No quiero manifestar con este escrito que he llegado a la perfección de mi praxis, por el contrario encuentro que mi madurez pedagógica apenas inicia y que se transforma de una forma tan vertiginosa que me permite reinventar no solo a la maestra sino al ser. La praxis actual la comparo con los vuelos de un piloto, los primeros vuelos fueron inseguros aunque no lo demostraba pero después de un tiempo las condiciones ambientales y el encuentro con la maquina real dio la resultante de la pericia con que se sortean turbulencias, neblina y cualquier otra adversidad, desarrollando la recursividad y el aplomo porque en las manos del piloto esta no solo el avión sino la vida de los que van a bordo: mi aula es mi pequeño pero gran avión, donde cada niño confía en mi más de lo que podemos llegar a imaginar tanto sus padres como las directivas del plantel, los pares académicos e incluso yo.
He iniciado un trabajo arduo conmigo misma dentro de mi praxis, me alejo de los paradigmas bajo los cuales fui enseñada y de los que observo que aún tienen vigencia subyacente en la escuela, me esfuerzo por:
Tengo altas expectativas de mis alumnos, de su escuela y de sí misma. No pienso en términos de limitaciones, sino de certeza de potencial.
Estoy convencida de la gran capacidad de aprendizaje de los niños. Si alguno de los alumnos no está obteniendo los resultados esperados, cuestionaré mi propia manera de enseñar, antes que la capacidad del niño de aprender. Incluyendo a los niños con necesidades educativas especiales, este no es mi fuerte pero si es parte de mi sensibilidad.

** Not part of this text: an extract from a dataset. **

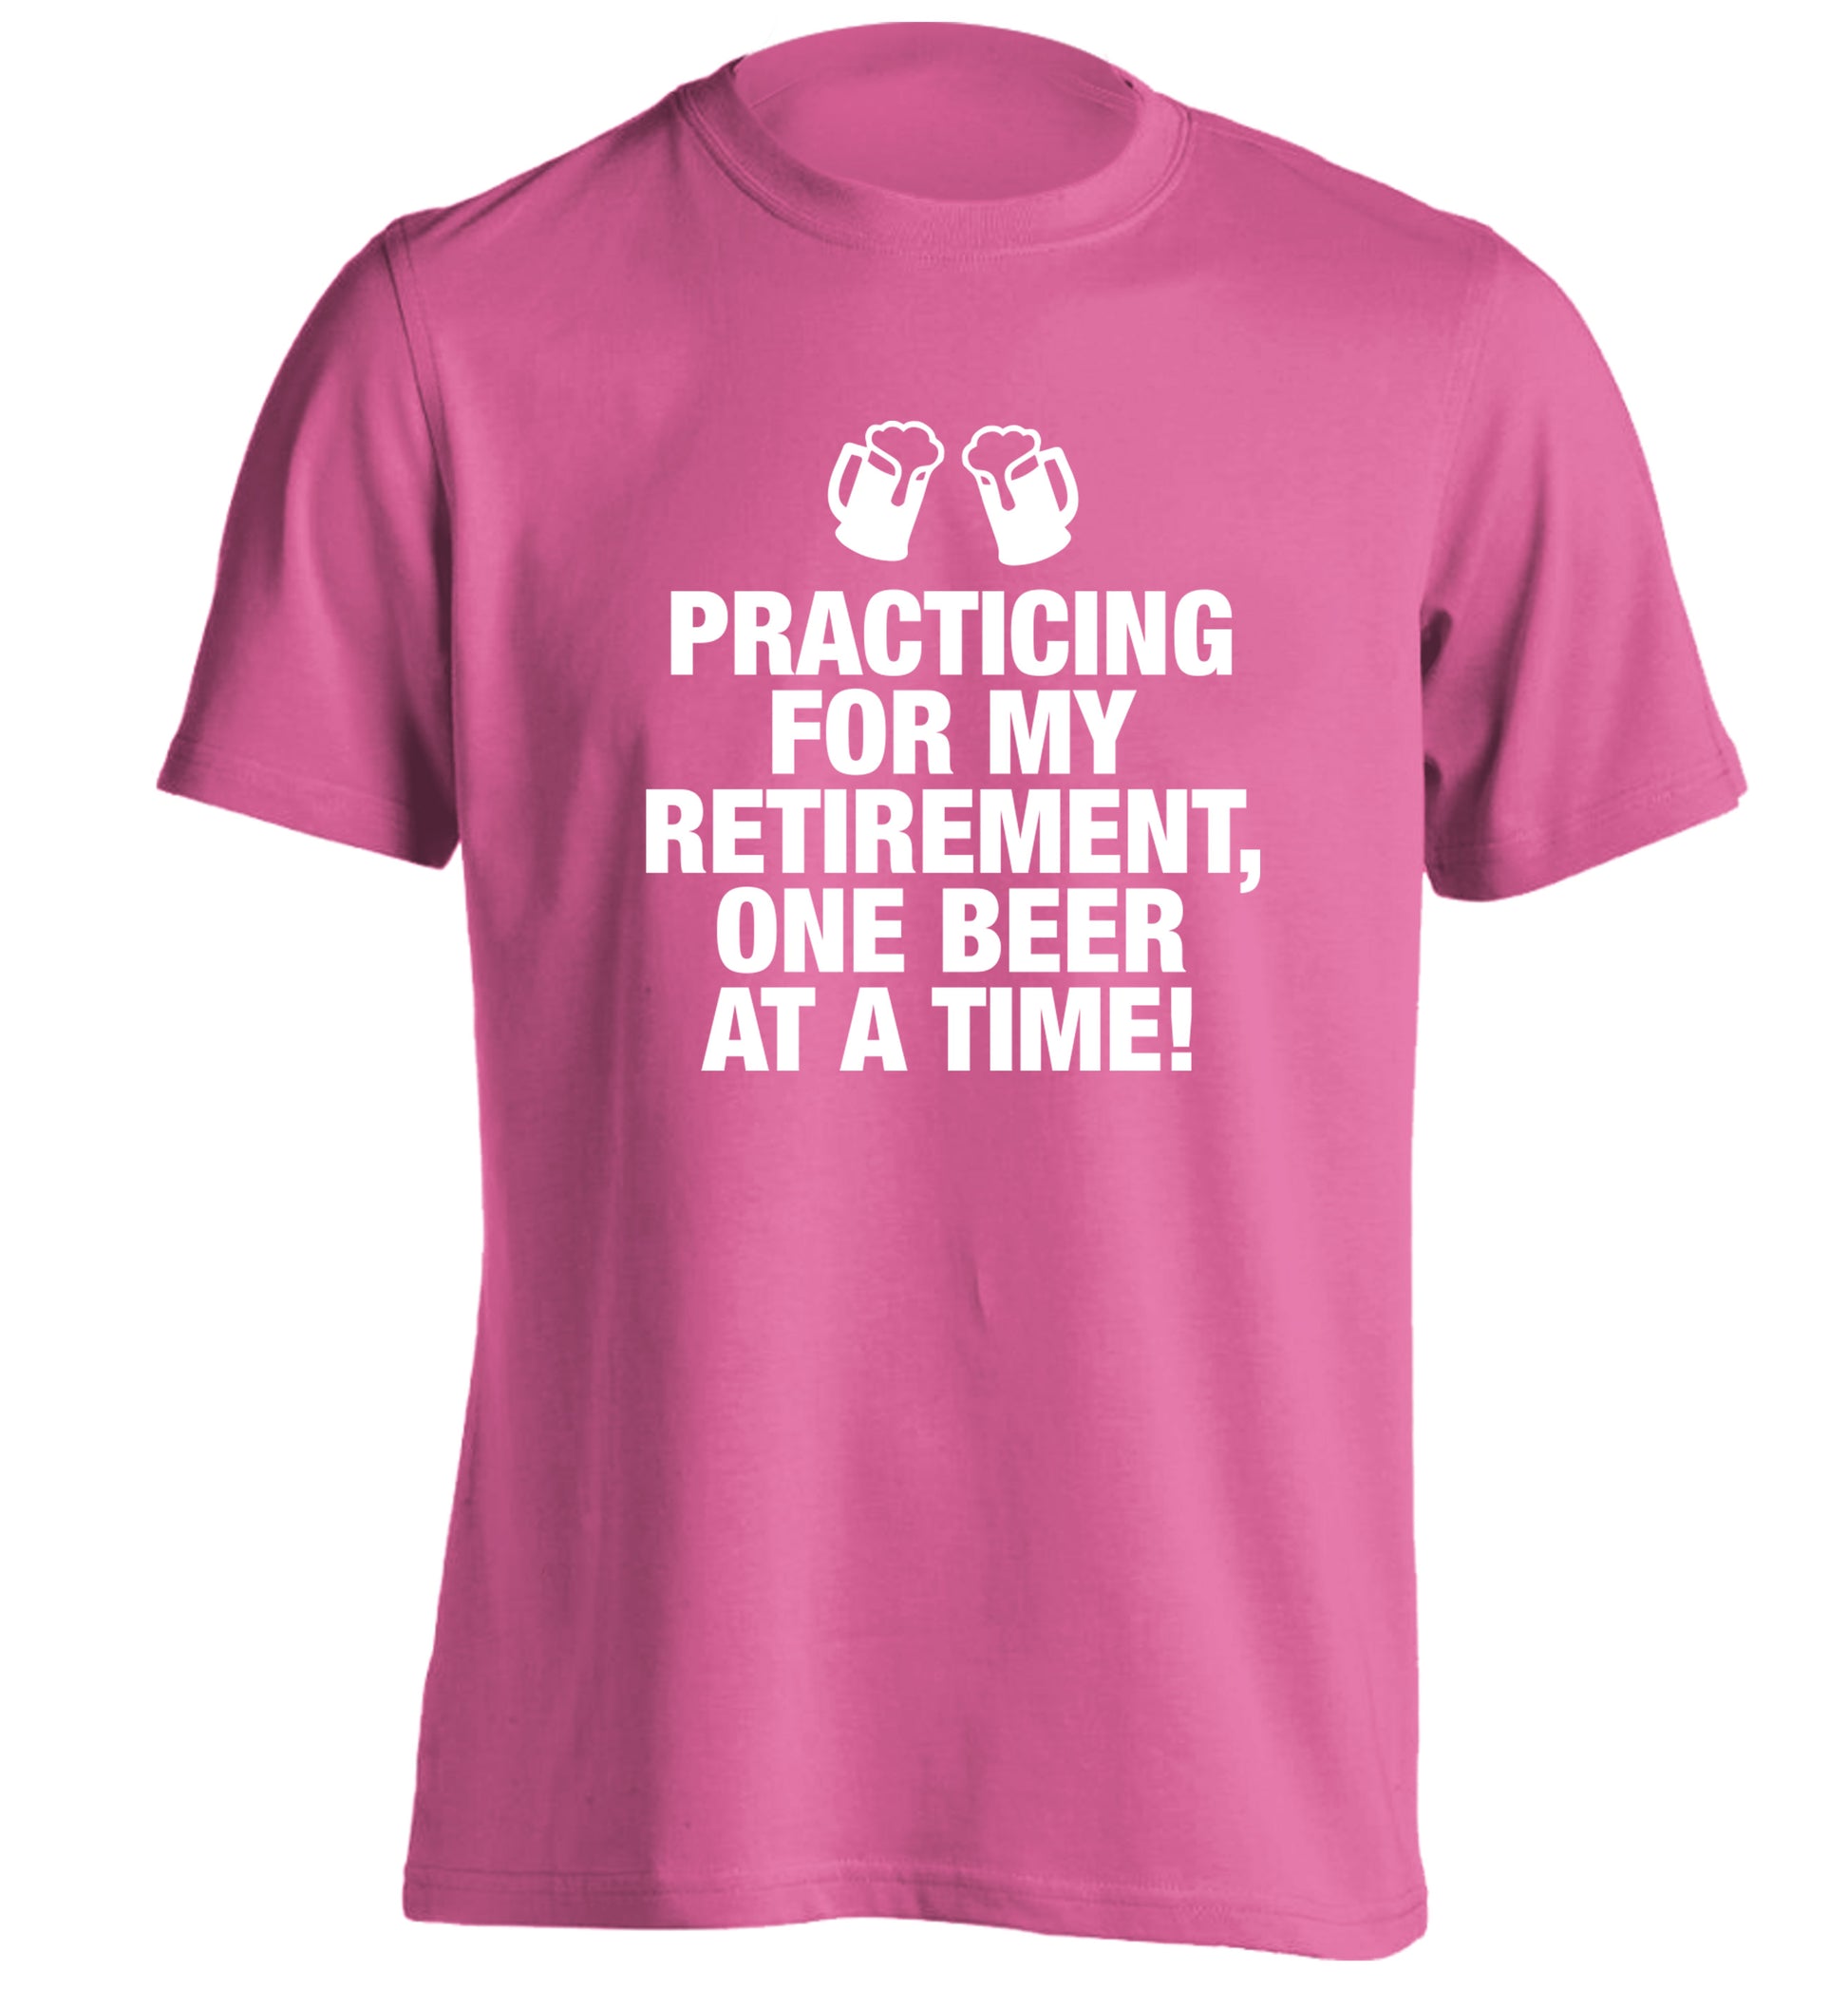 Practicing my retirement one beer at a time adults unisex pink Tshirt 2XL

Aun Busco adaptar la práctica educativa a los alumnos, porque reconozco en ellos a personas con diferentes intereses, habilidades y aptitudes. Al mismo tiempo, procuro propiciar entre los alumnos la tolerancia y respeto a la diversidad. No juzgo -ni permitirá que nadie más juzgue- a una persona, sea niño o adulto, por sus diferencias culturales, raza, género o credo. Quiero abrir el mundo para mis alumnos, desde el salón de clases, para ayudarlos a convertirse en ciudadanos de un mundo global.

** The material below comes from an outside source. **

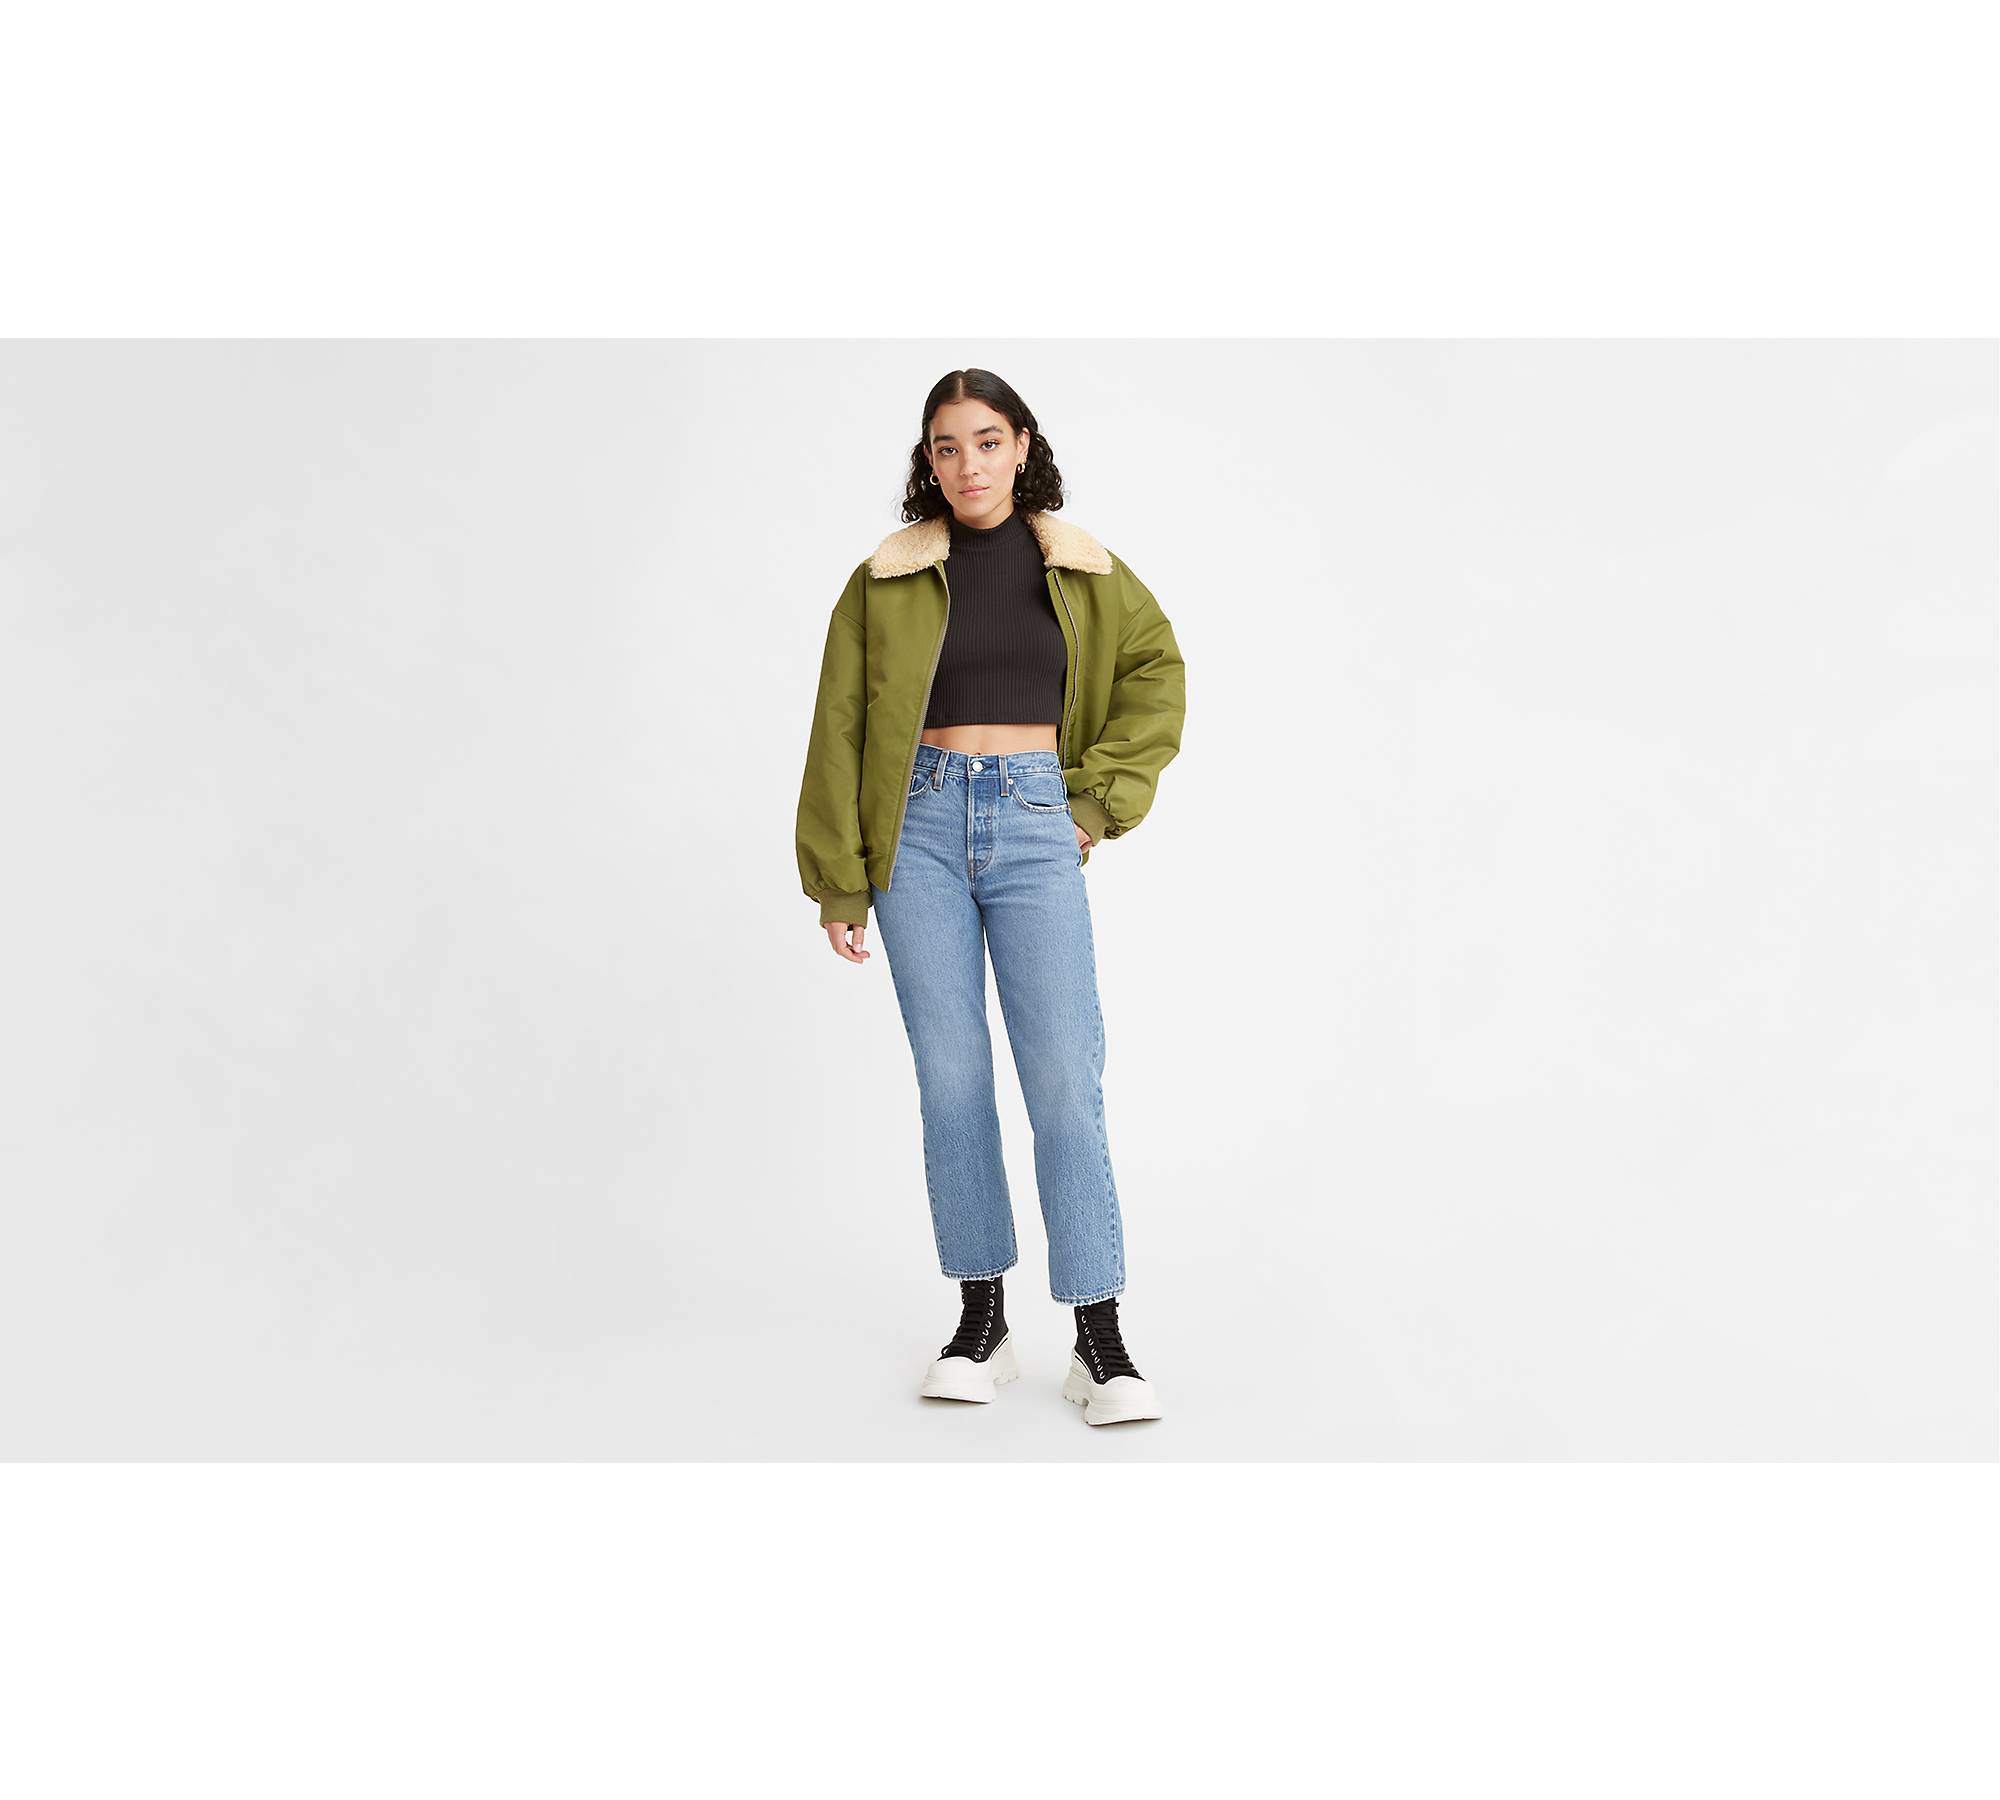 GenesinlifeShops Germany - Levi's Women's Wedgie Straight Jeans Forget Me  Not Forever - Concepts Sport Women's Boston Eagles Mainstream Shorts Heron  Preston

Sé que las tareas son un medio de comunicación con los padres y una forma de establecer hábitos de estudio, y que no es necesario trabajar por horas cada día para lograr estos objetivos. Pero aun debo trabajar para ser más moderada al encomendarla y así evitar la frustración cuando no logro la participación de los padres en el acompañamiento a estos deberes escolares. Busco actividades que verdaderamente propicien el pensamiento crítico y no la repetición sin sentido.

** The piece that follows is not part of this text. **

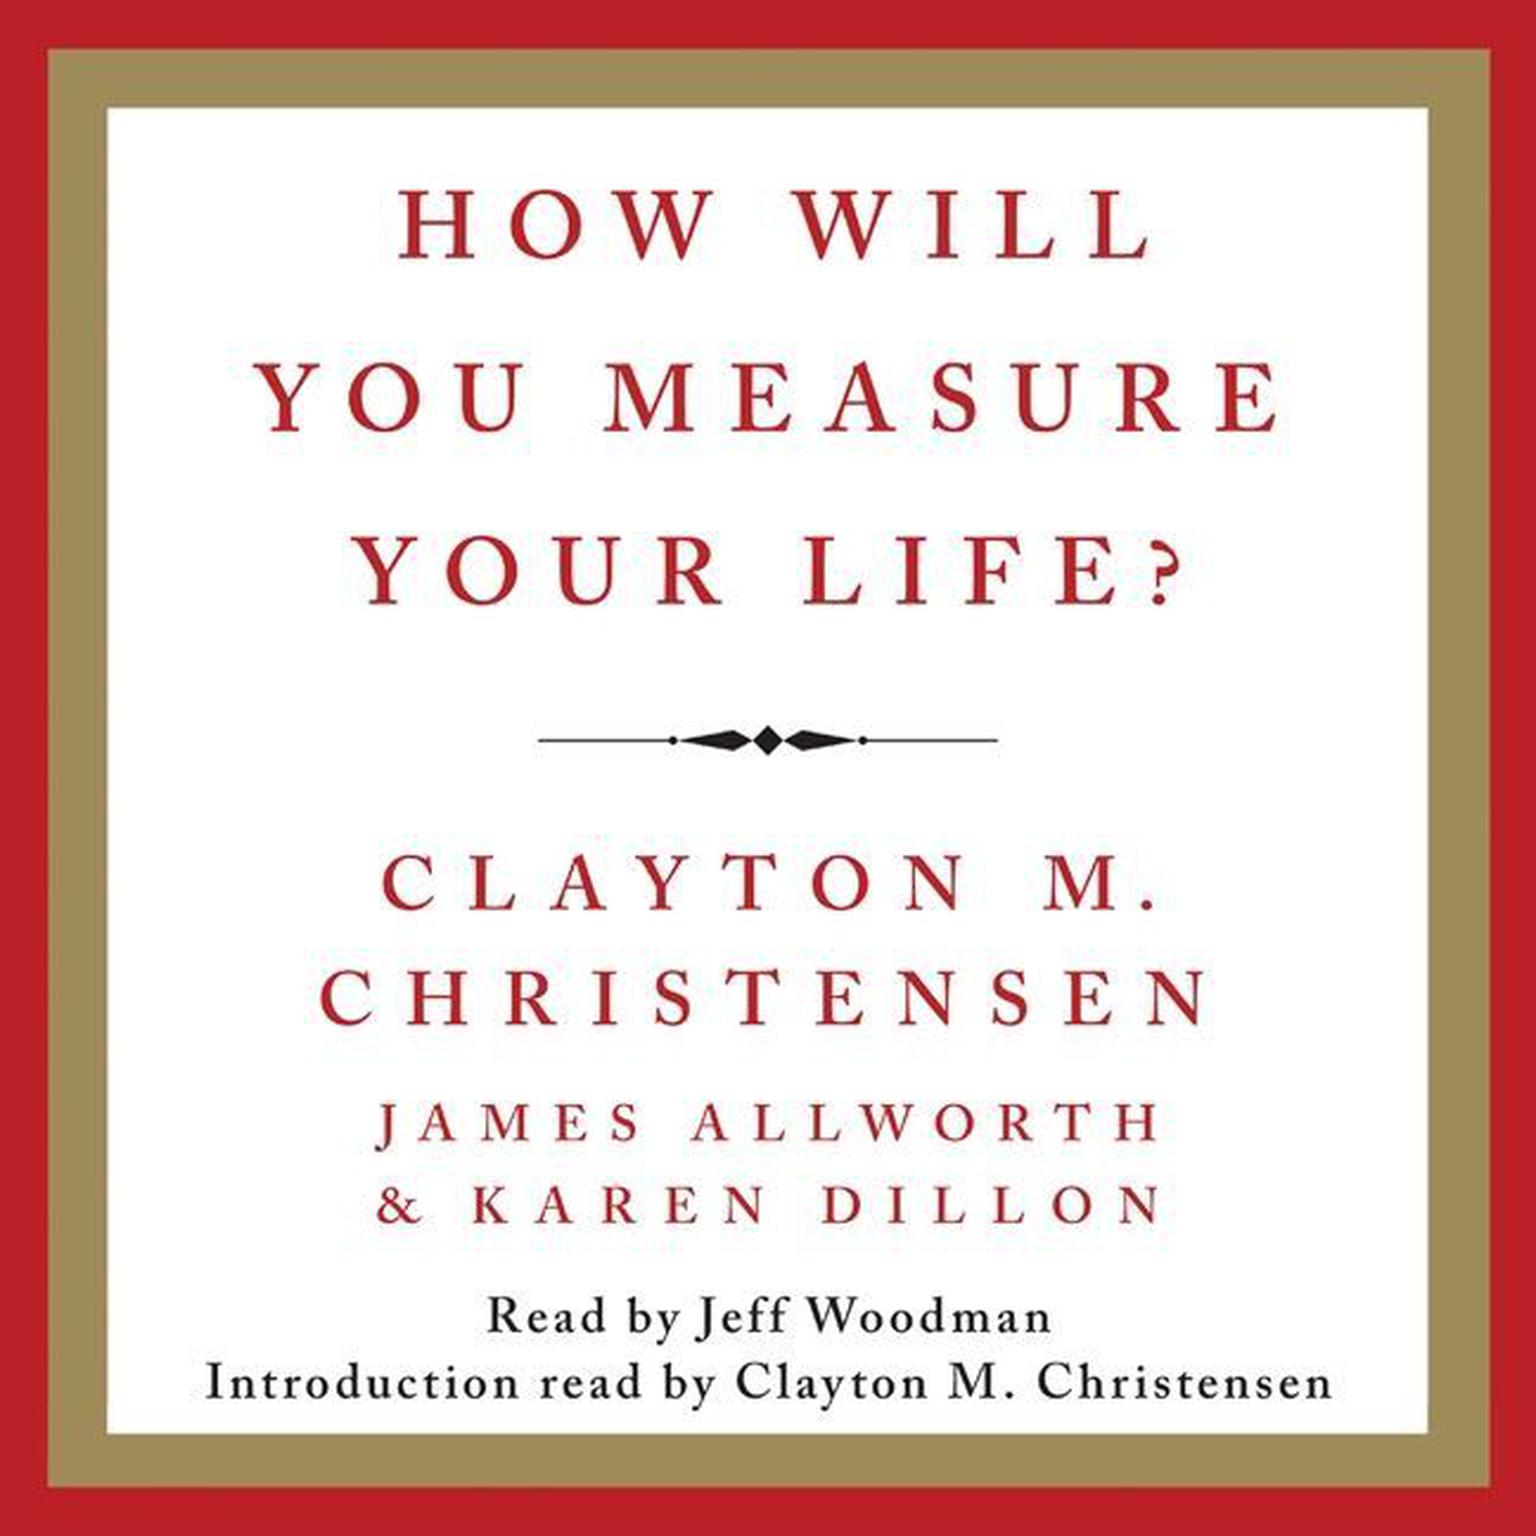 How Will You Measure Your Life? Audiobook, by Clayton M. Christensen

Resalto lo positivo de los alumnos, tanto en lo académico como en lo personal, y trabajo con ellos para mejorar, de manera constructiva, las áreas de oportunidad de cada uno. Propicio actividades de aprendizaje donde cada alumno tiene la oportunidad de descubrir, investigar y construir pero me enfrento a la desidia de los pares académicos y transformar las culturas institucionales tan arraigadas dificulta aún más la labor, lo que en ocasiones me frustra e incluso ha llegado a desmotivarme.